Вот весьма любопытный вопрос: «В каком переводе надо читать «Гарри Поттера»? В любом русском тексте (я смотрел все 3 варианта) получается, что половина магии пропадает». Я могу повторить идиотский совет: читайте в оригинале. Но я не могу сказать, что половина магии пропадает в русском тексте.

Могу это объяснить. Понимаете, когда человек говорит, что вот, живущий несравним, любой русский перевод всегда обедняет и так далее — это он просто подчеркивает тем самым свое очень хорошее владение языком. Он просто пытается вам доказать, что ему доступные некие эзотерические тайны.

На самом деле даже читая «Гамлета» в переводе Кронеберга — в самом плохом русском переводе или самом наивном (хотя, может, он не так плох), можно получить полное представление о книге. Хотя бы потому что хотя бы намек на это есть. Понимаете, как (Дидуров любил это сравнение) даже если вам показать скелет красавицы, можно догадаться, какова она была.
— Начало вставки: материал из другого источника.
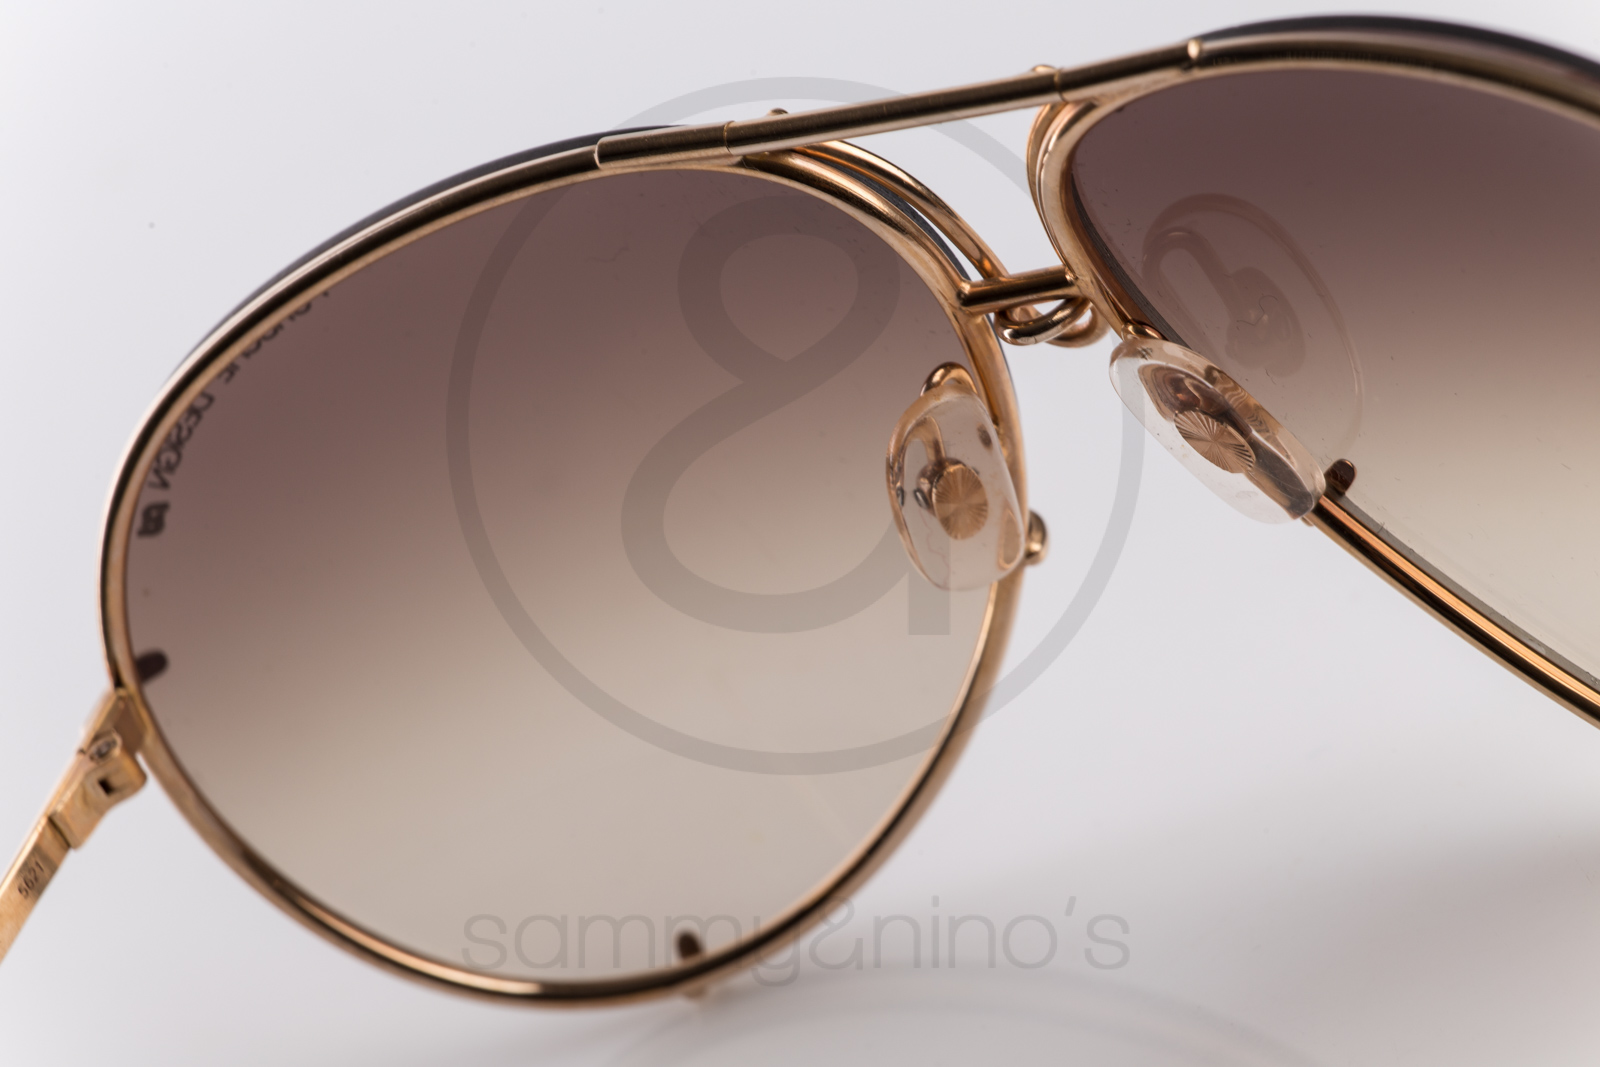 Porsche Carrera Sunglasses  porsche carrera 5621 sammy nino s
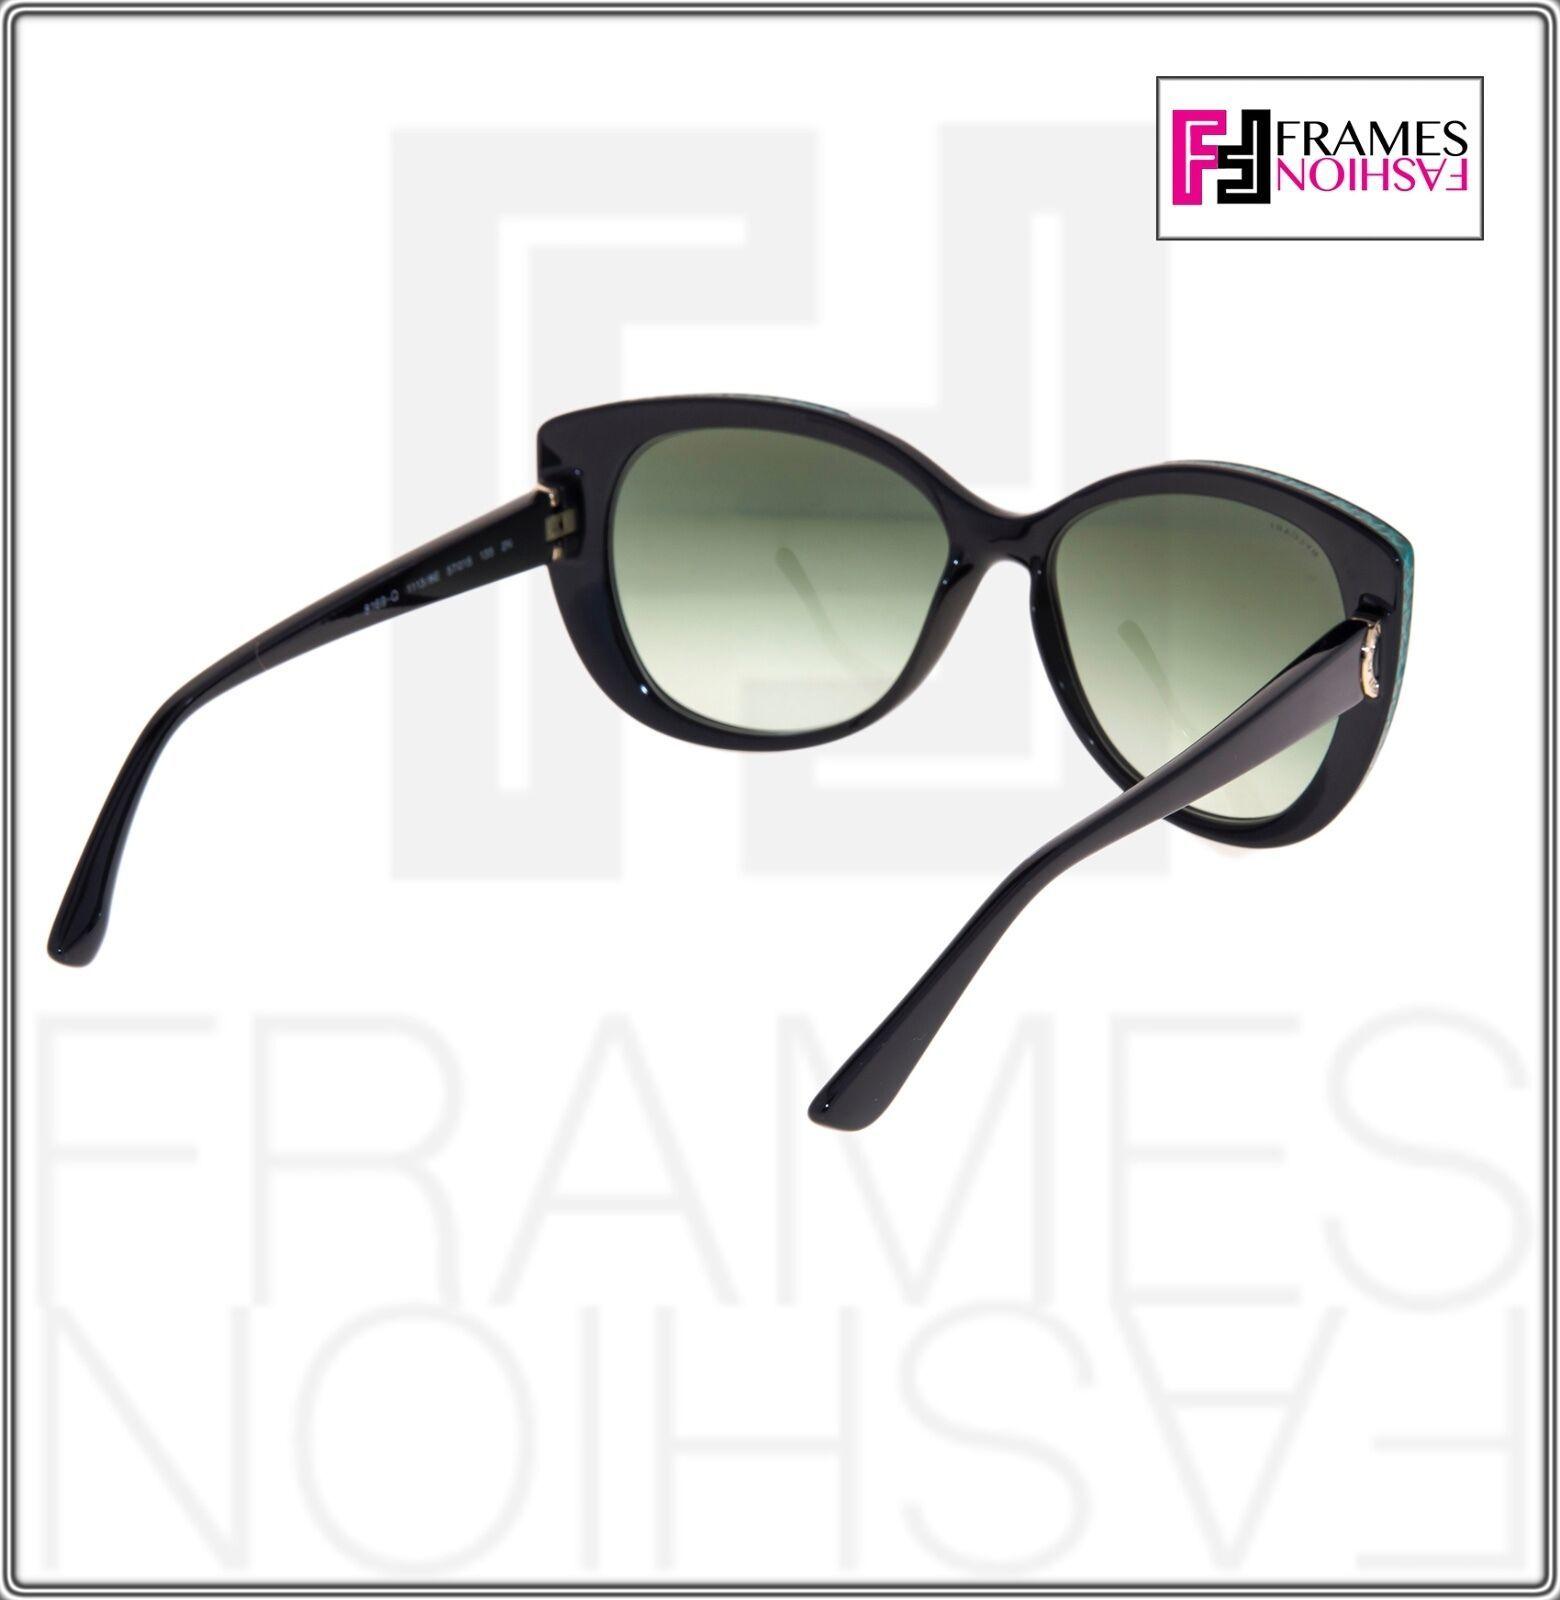 BVLGARI LOGO BV8169Q Black Green Leather Gradient Cat Eye Sunglasses Gold 8169 image 4

То есть я вообще, естественно, сторонник того, что если уж вы действительно хотите понять, проникнуть в мир Гарри Поттера, конечно, надо брать оригинал. Но перевод — понимаете, переводчики не зря называются почтовыми лошадьми просвещения. В свое время у Житинского была такая замечательная идея, что если бы текст прогнать через множество переводов, он приобрел бы французскую фривольность, английскую чопорность, немецкую дисциплину, швейцарскую сырность — но увы, швейцарского языка не существует. То есть (если, разумеется, не брать машинный перевод) когда какая-то живая душа подключается к переводу, вы получаете какой-то новый текст.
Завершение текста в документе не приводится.